If the former don’t cut it… Some unnecessarily involved ideas: But also #graphs (maybe even #KG) is maybe another approach (in this case, if words are vertices, high centrality of certain keywords might indicate they are less useful?). Clustering might help too. #IRL (inverse-reinforcement-learning) also comes to mind, although I’m a newbie there, plus that’s definitely overkill 😅
Getting started: Encoding
So I’ve “exchanged ideas” with… Perplexity. (Yes, it’s true, I know how to talk to a chatbot! Who would have said someone like me could… Ask questions… ANYHOW)
Because my first thought went for Entropy, Gini Index… What a partitioning tree would do. I have plenty of practice with {tm} in R to do text cleaning, but I still always end up with too many variables, and although many times that wasn’t the key issue (I could use PCA, MDS…), as mentioned earlier, PCA would “obscure” the choices, the resulting rules would be harder (not impossible, as PCA can be reversed…) to read. No, I needed something to help me prioritize keywords while keeping keywords.
And indeed, I needed a dataset (the one I plan to apply all this on is private, so can’t use that). From a few years back, I remembered there was a dataset about Barack Obama vs Donal Trump tweets somewhere. I found it again: https://github.com/fivethirtyeight/data/tree/master/twitter-ratio.
Long story short, I ended up with this:
## Mix it up a bit
df <- df[sample(1:nrow(df), nrow(df), replace = F),]
## Clean up a bit
df$text <- sapply(df$text, \(x) {
x <- iconv(x, to="UTF-8")
x <- tolower(x)
x <- gsub("https?\\:\\/\\/[a-z0-9.-/]+", "", x)
x <- tm::removePunctuation(x)
x <- tm::removeWords(x, stopwords("english"))
x <- tm::stripWhitespace(x)
x
})
df <- df[!is.na(df$text),]
## Let's have a quick look
head(df)
table(df$class)
## Document Term Matrix for upcoming ChiSquare
dtm <- tm::DocumentTermMatrix(df$text)
## Control size a bit:
dtm <- dtm[,1:min(ncol(dtm), 10000)]
m <- as.matrix(dtm)
dim(m)
y <- factor(df$class)
## This I did have to lookup first, Perplexity more or less gave it to me, once I gave it my specific preferences...
chisq_scores <- apply(m, 2, function(term_counts) {
tab <- table(term_counts > 0, y)
if(all(dim(tab) > 1)) {
stats::chisq.test(tab, simulate.p.value = F)$statistic
} else
NA
})
chisq_scores <- sort(chisq_scores, decreasing = T, na.last = NA)
## End of LLM help
top_terms <- names(chisq_scores)[1:1000]
dtm_redux <- m[, top_terms]Now. I haven’t even started working on the RLCS part of the exercise, but can we maybe agree this could potentially work to separate the two classes, using some sort of binary encoding, maybe on a few key columns to reduce dimensionality (for RLCS)? See pictures next.

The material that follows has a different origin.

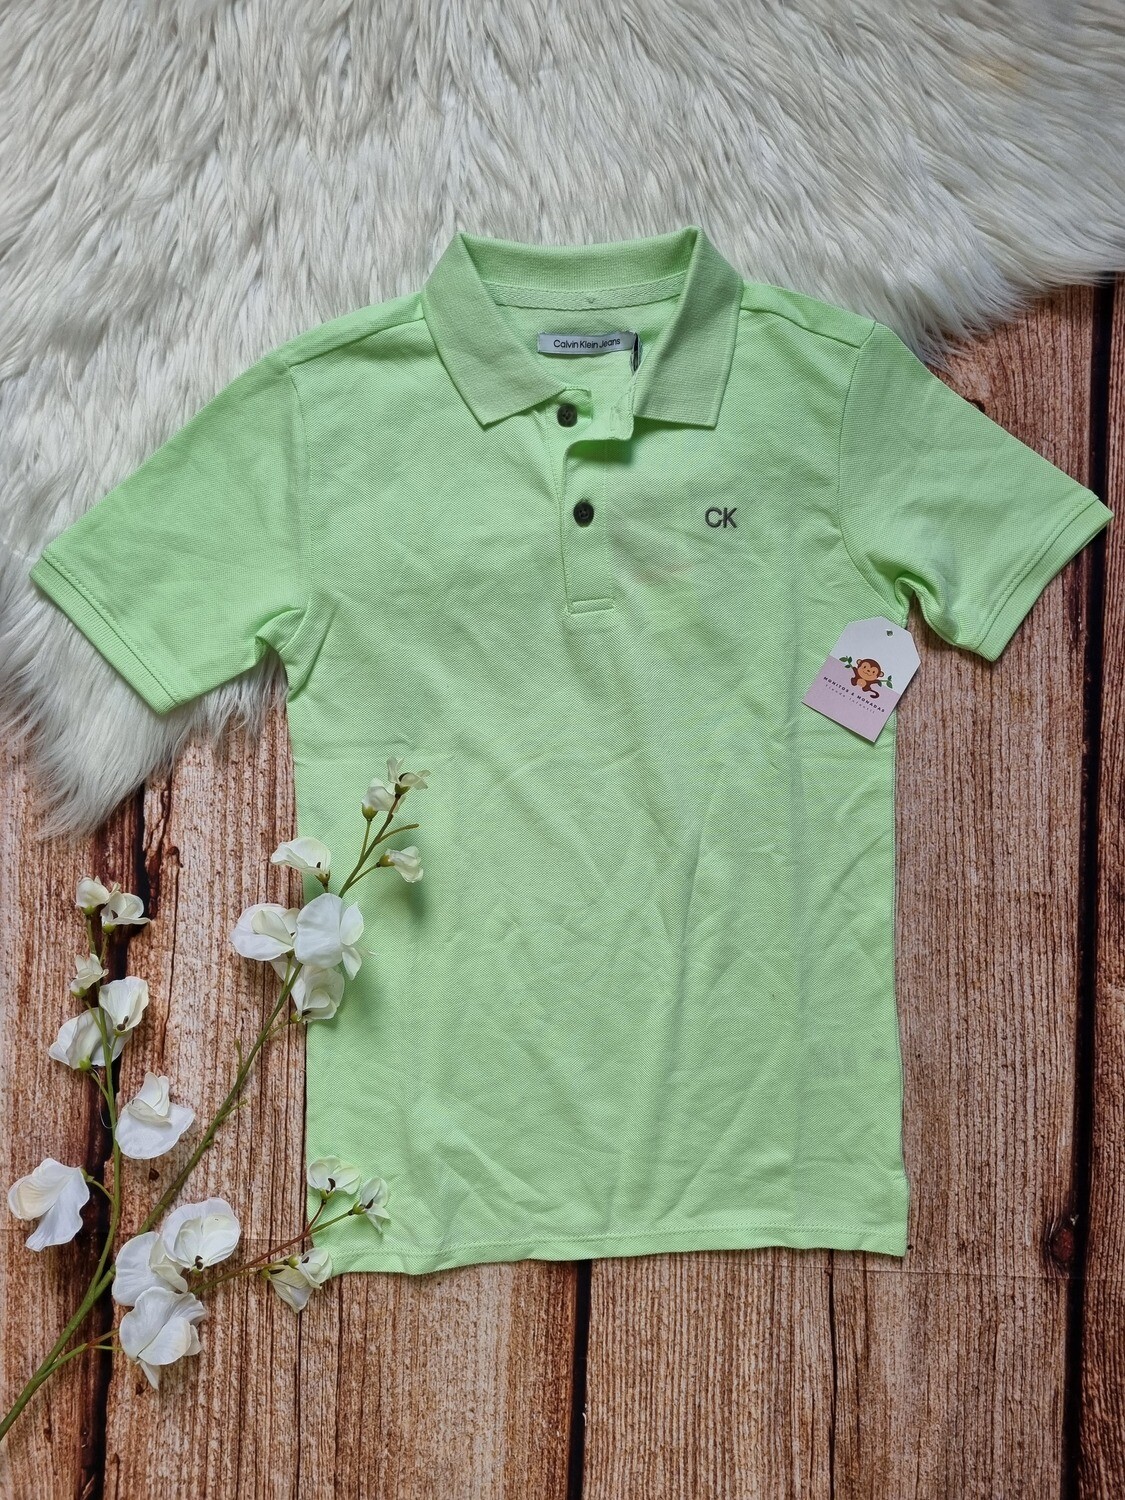 Camiseta verde, tipo polo, Calvin Klein, 5T y 7T

(And as I’ve done in the past for images classification, I could probably train in parallel different populations on smaller subset of data, to then merge them back into one… IDK.)
Here what the results would look like. I won’t tell you which 5 samples are from President Trump, and which from President Obama.

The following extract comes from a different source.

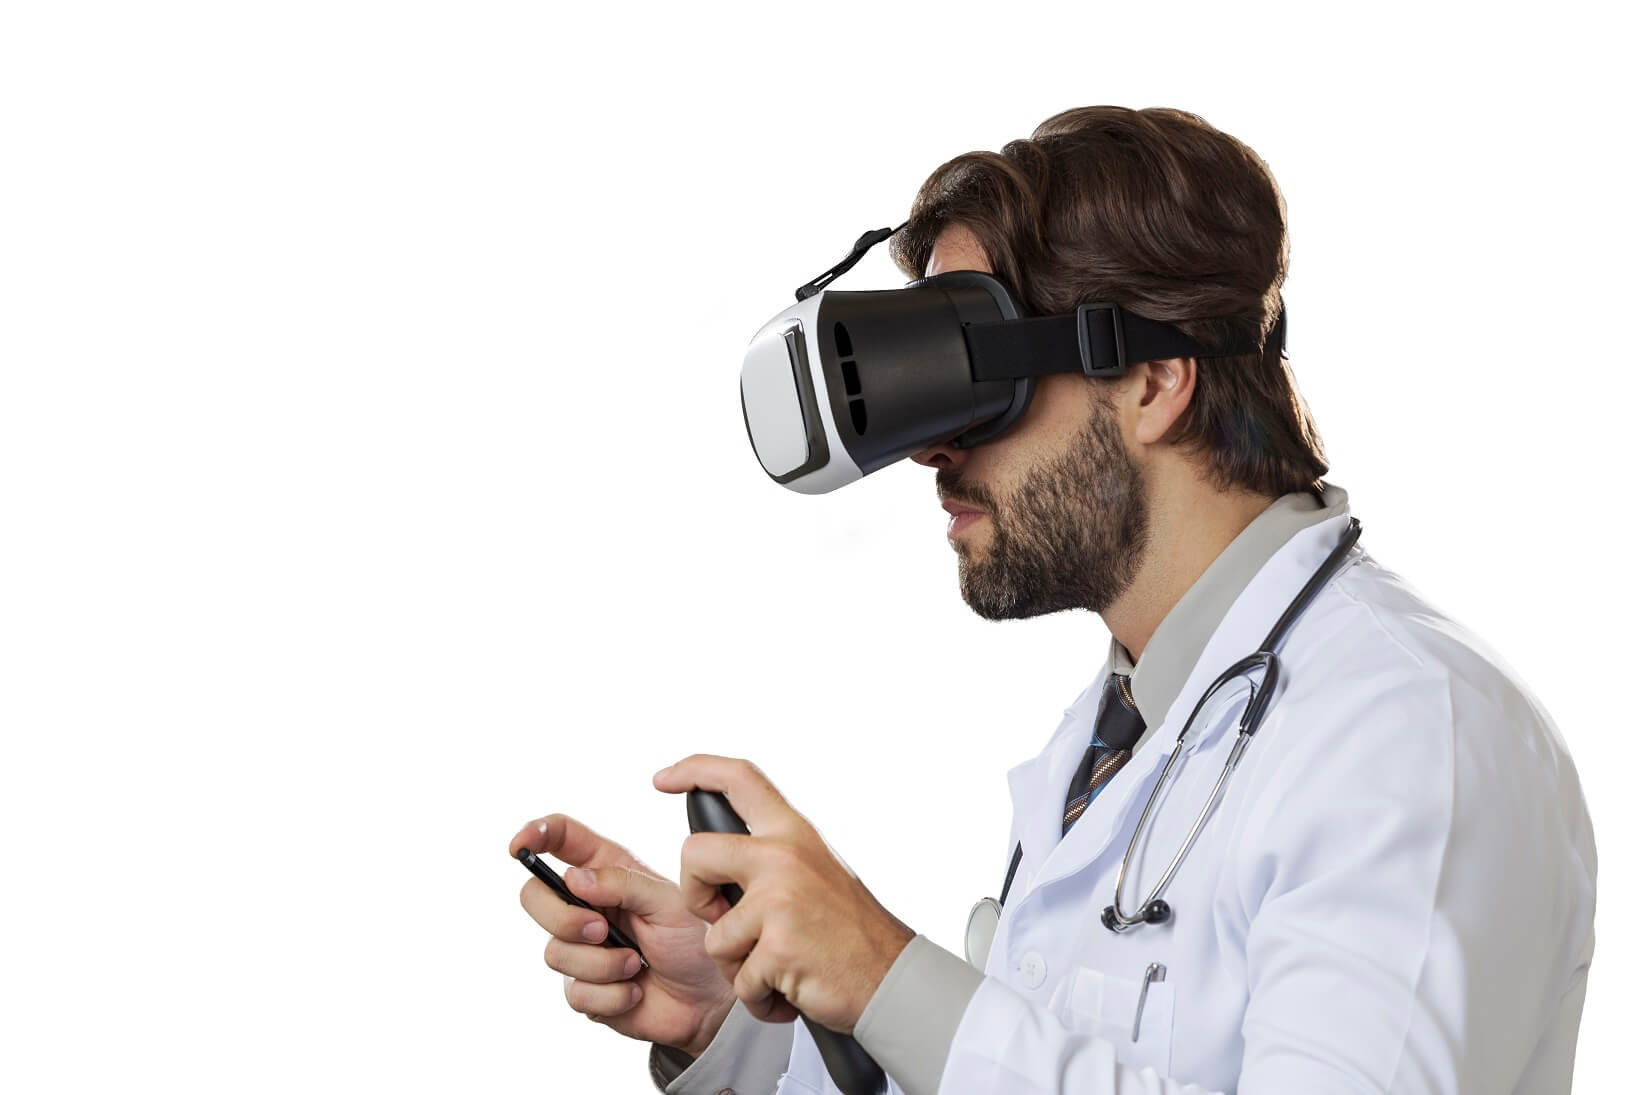 Realidade Virtual aplicada na medicina: áreas e exemplos

OK so clearly this is not “enough”, and yet…
Conclusions
Maybe it’s all a stupid/bad idea. I need to keep working on it for a while and see. It looks somewhat promising thus far though.
If I managed to come up with even a few simple rules to help classify correctly a few thousand unclassified samples, that would be huge a win already, so it’s worth a try. And if i manage that without any of the more complex stuff above, well, all the better. I’ll obviously try to work manually through the data first, get a sense of it. Although if it were easy… it would be done already, I guess.
Plus, and for me the fun part: it would be a practical application of my hobby for a real need at work. But it might well end up being more of a (possibly failed) weekends research exercise, rather than an actual project… Only time will say if I manage to put something together.